Question

100 Points! Geometry question. Photo attached. Please show as much work as possible. Thank you!

Answer 1

`BC=5.1`

`B=23^(\circ)`

`C=116^(\circ)`

Explanation:

The diagram shows triangle ABC, with two side measures and the included angle.

To find the measure of the third side, we can use the Law of Cosines.

`\boxed{\begin{minipage}{6 cm}\underline{Law of Cosines} \\\\$c^2=a^2+b^2-2ab \cos C$\\\\where:\\ \phantom{ww}$\bullet$ $a, b$ and $c$ are the sides.\\ \phantom{ww}$\bullet$ $C$ is the angle opposite side $c$. \\\end{minipage}}`

In this case, A is the angle, and BC is the side opposite angle A, so:

`BC^2=AB^2+AC^2-2(AB)(AC) \cos A`

Substitute the given side lengths and angle in the formula, and solve for BC:

`BC^2=7^2+3^2-2(7)(3) \cos 41^(\circ)`

`BC^2=49+9-2(7)(3) \cos 41^(\circ)`

`BC^2=49+9-42\cos 41^(\circ)`

`BC^2=58-42\cos 41^(\circ)`

`BC=\sqrt{58-42\cos 41^(\circ)}`

`BC=5.12856682...`

`BC=5.1\; \sf (nearest\;tenth)`

Now we have the length of all three sides of the triangle and one of the interior angles, we can use the Law of Sines to find the measures of angles B and C.

`\boxed{\begin{minipage}{7.6 cm}\underline{Law of Sines} \\\\$(\sin A)/(a)=(\sin B)/(b)=(\sin C)/(c) $\\\\\\where:\\ \phantom{ww}$\bullet$ $A, B$ and $C$ are the angles. \\ \phantom{ww}$\bullet$ $a, b$ and $c$ are the sides opposite the angles.\\\end{minipage}}`

In this case, side BC is opposite angle A, side AC is opposite angle B, and side AB is opposite angle C. Therefore:

`(\sin A)/(BC)=(\sin B)/(AC)=(\sin C)/(AB)`

Substitute the values of the sides and angle A into the formula and solve for the remaining angles.

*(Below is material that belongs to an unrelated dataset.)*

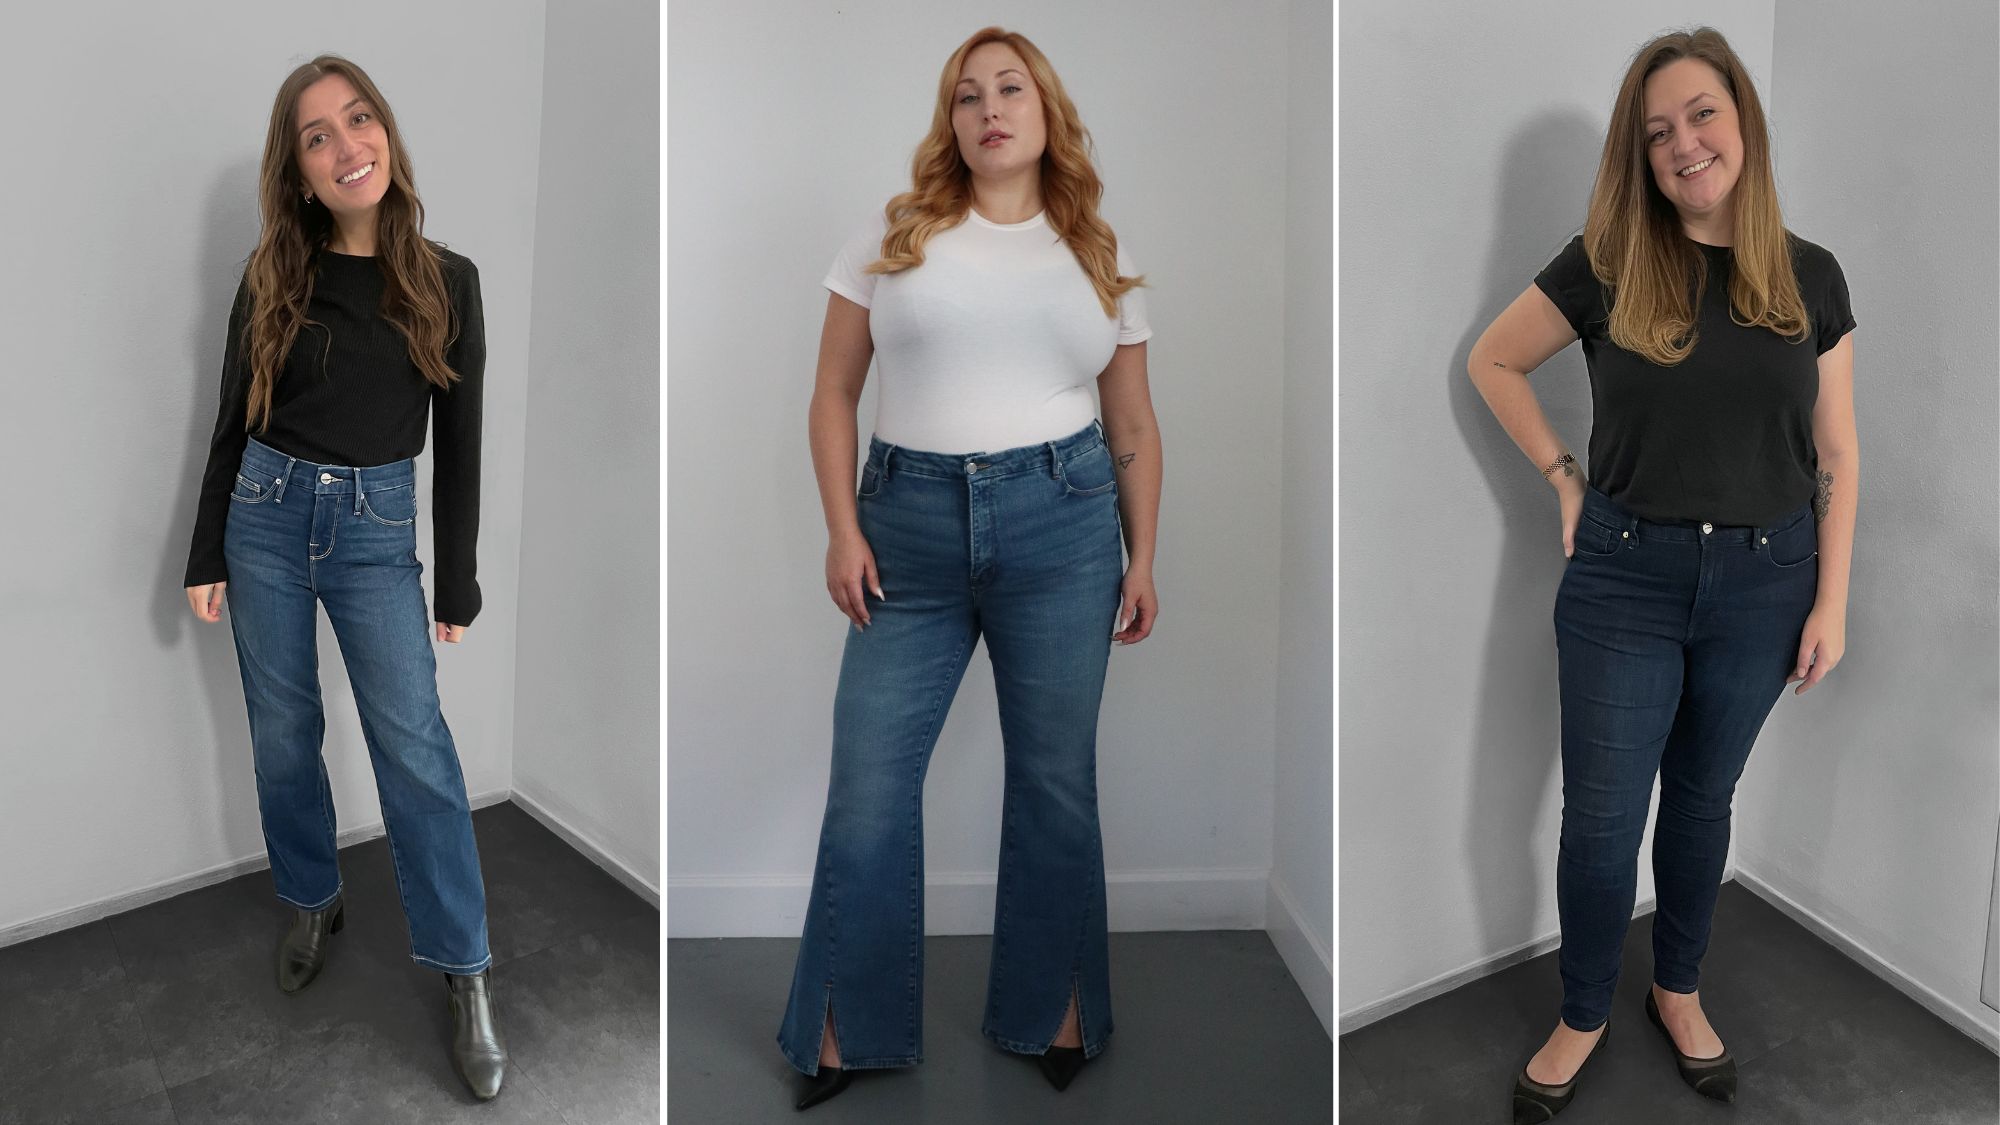 Top 5 Best Petite Denim Jeans Try On & Review - Reformation, Re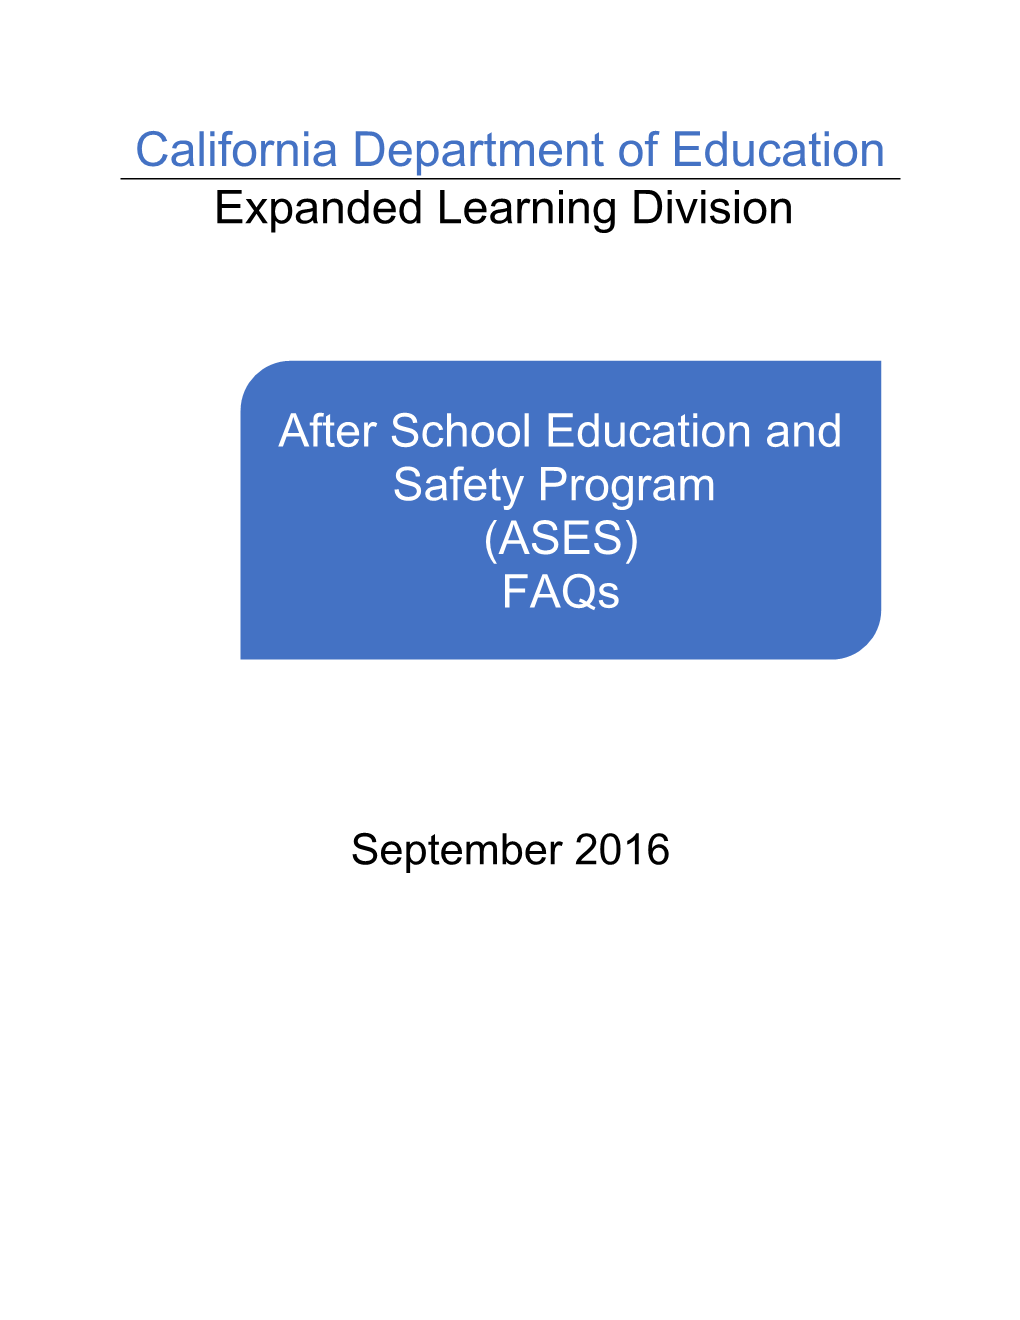 ASES - Frequently Asked Questions (CA Dept of Education)

`(\sin 41^(\circ))/(5.12856682...)=(\sin B)/(3)=(\sin C)/(7)`

Therefore:

`(\sin B)/(3)=(\sin 41^(\circ))/(5.12856682...)`

`\sin B=(3\sin 41^(\circ))/(5.12856682...)`

`B=\sin^(-1)\left((3\sin 41^(\circ))/(5.12856682...)\right)`

`B=22.5672442...^(\circ)`

`B=23^(\circ)`

From the diagram, we can see that angle C is obtuse (it measures more than 90° but less than 180°). Therefore, we need to use sin(180° - C):

`(\sin (180^(\circ)-C))/(7)=(\sin 41^(\circ))/(5.12856682...)`

`\sin (180^(\circ)-C)=(7\sin 41^(\circ))/(5.12856682...)`

`180^(\circ)-C=\sin^(-1)\left((7\sin 41^(\circ))/(5.12856682...)\right)`

`180^(\circ)-C=63.5672442...^(\circ)`

`C=180^(\circ)-63.5672442...^(\circ)`

`C=116.432755...^(\circ)`

`C=116^(\circ)`

`\hrulefill`

Additional notes:

I have used the exact measure of side BC in my calculations for angles B and C. However, the results will be the same (when rounded to the nearest degree), if you use the rounded measure of BC in your angle calculations.